DMP Poodles vs. Pugs as Income Indicators
Description
The datasets used in this machine learning experiment, Poodles vs. Pugs as Income Indicators, are publicly available through the Open Government Data portal of the City of Vienna (data.gv.at). This project utilizes two specific datasets: Hunderassen Wien and Durchschnittliches Nettoeinkommen seit 2002 - Bezirke Wien. The rows in the processed dataset represent Vienna's 23 municipal districts.
Context and Methodology
The purpose of this dataset is to train and evaluate a regression model that predicts the average annual income of a geographic area based on the prevalence of specific dog breeds.
The dataset is not newly collected. It is reused from open data sources (data.gv.at). The project workflow involves:
Acquiring and downloading the raw datasets
Cleaning and preprocessing the data
Merging the demographic and income data by municipal district
Training a machine learning model (Random Forest regressor)
Evaluating model accuracy and generating visual distributions
Additional datasets and artifacts are created during the project, including a merged/cleaned dataset, model evaluation metrics, and geographic distribution plots.
Technical Details
The dataset and project environment are structured in a clear folder hierarchy:
dataresults
Files include:
datasets (CSV): Original downloaded files from Stadt Wien.
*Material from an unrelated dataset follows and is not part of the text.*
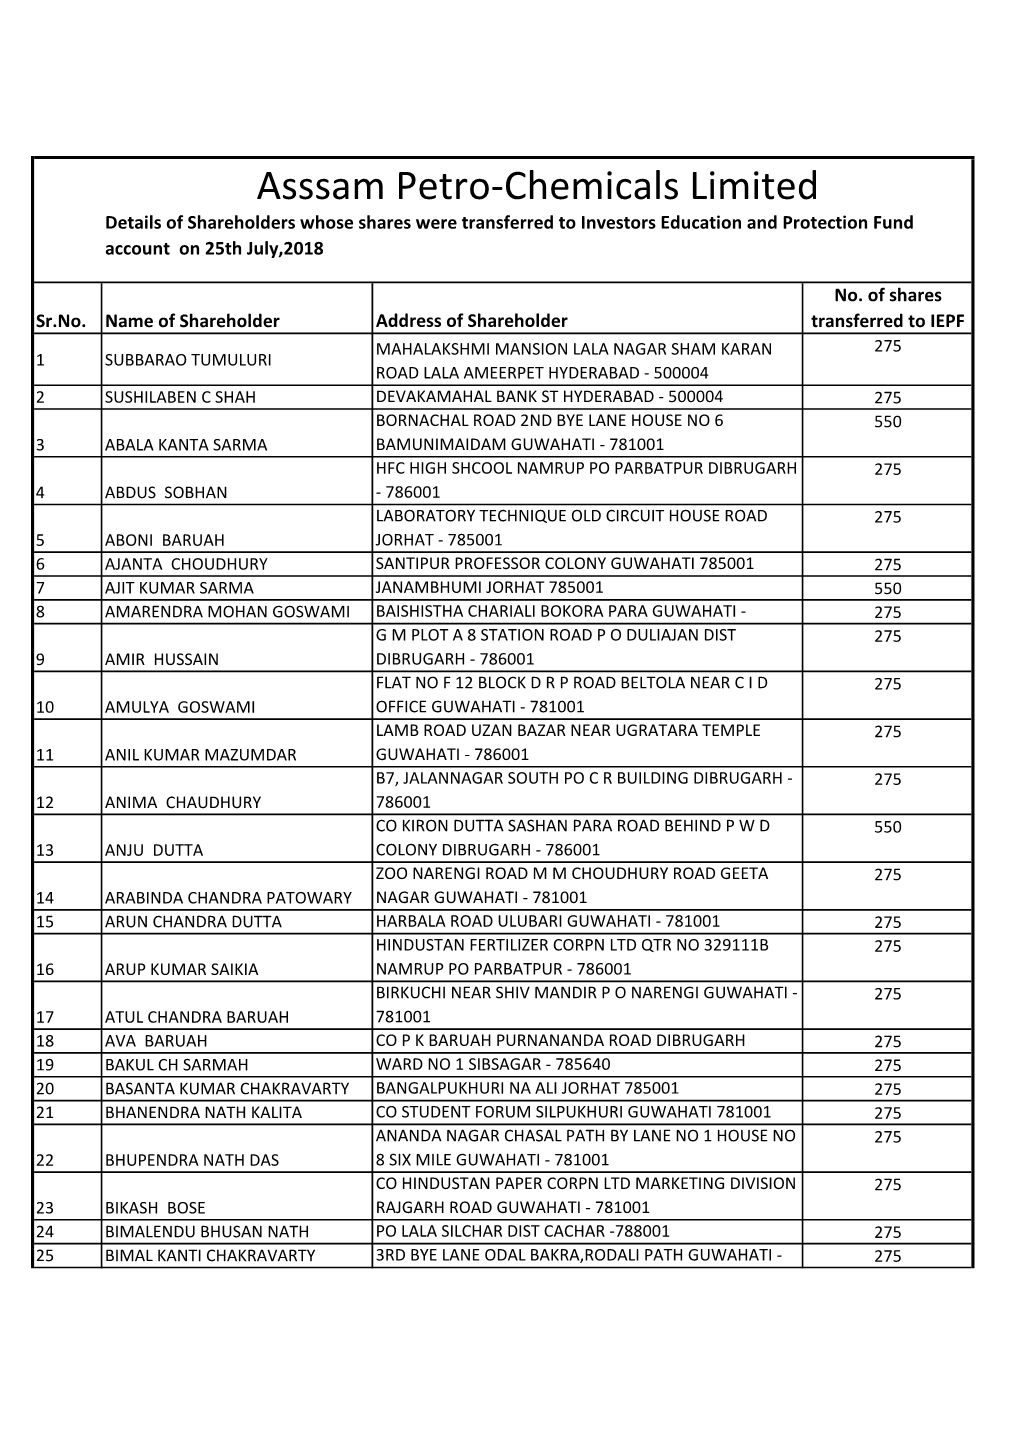 Asssam Petro-Chemicals Limited Details of Shareholders Whose Shares Were Transferred to Investors Education and Protection Fund Account on 25Th July,2018

plots (PNG): Geographic distribution of dog breeds (
avg_dogs_per_district.png), income distribution (avg_income_per_district.png), and model error rates (final_evaluation_plots.png).source code (IPYNB): Jupyter Notebook containing the data orchestration and modeling pipeline.
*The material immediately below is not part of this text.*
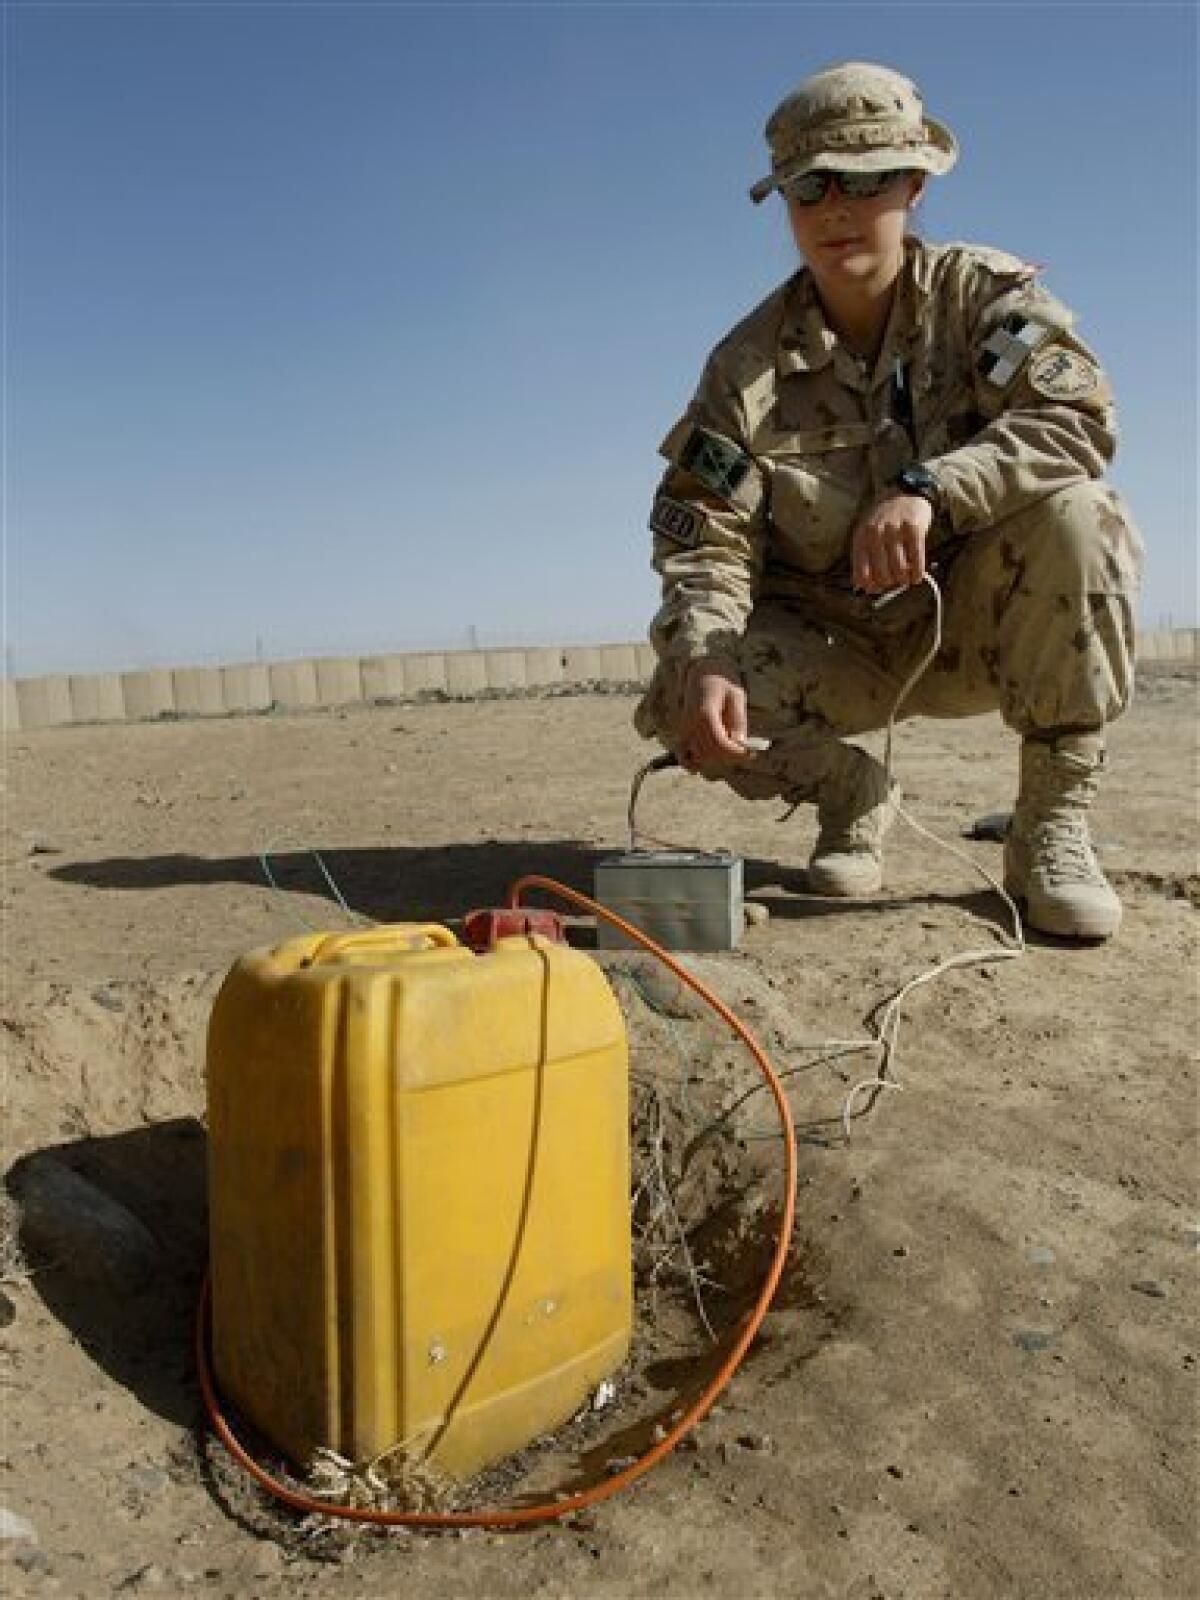 Lt. Caroline Pollock from Calgary, Alberta of the Canadian Counter Improvised Explosive Device Squadron (CIED), is seen as she sets up an IED for training purposes at Camp Hero in Kandahar, southern Afghanistan, Monday, Feb. 1, 2010. (AP Photo/Kirsty Wigglesworth)

Software requirements: To open and work with this dataset and its accompanying code, the following open-source tools are required:
Python 3
pandas (for data orchestration)
scikit-learn (for predictive modeling)
matplotlib & seaborn (for visualization)
Jupyter Notebook environment
Further Details
The dataset contains no personal or sensitive data. All records are aggregated at the district level, ensuring complete anonymity and compliance with open-data standards.
Important points for reuse:
The Random Forest model demonstrated robust predictive power for lower-to-middle income brackets.
The model's accuracy plateaus at the highest income tiers, indicating that "luxury" wealth is influenced by factors beyond simple pet ownership trends. Future researchers should account for this limitation when utilizing the model for high-income predictions.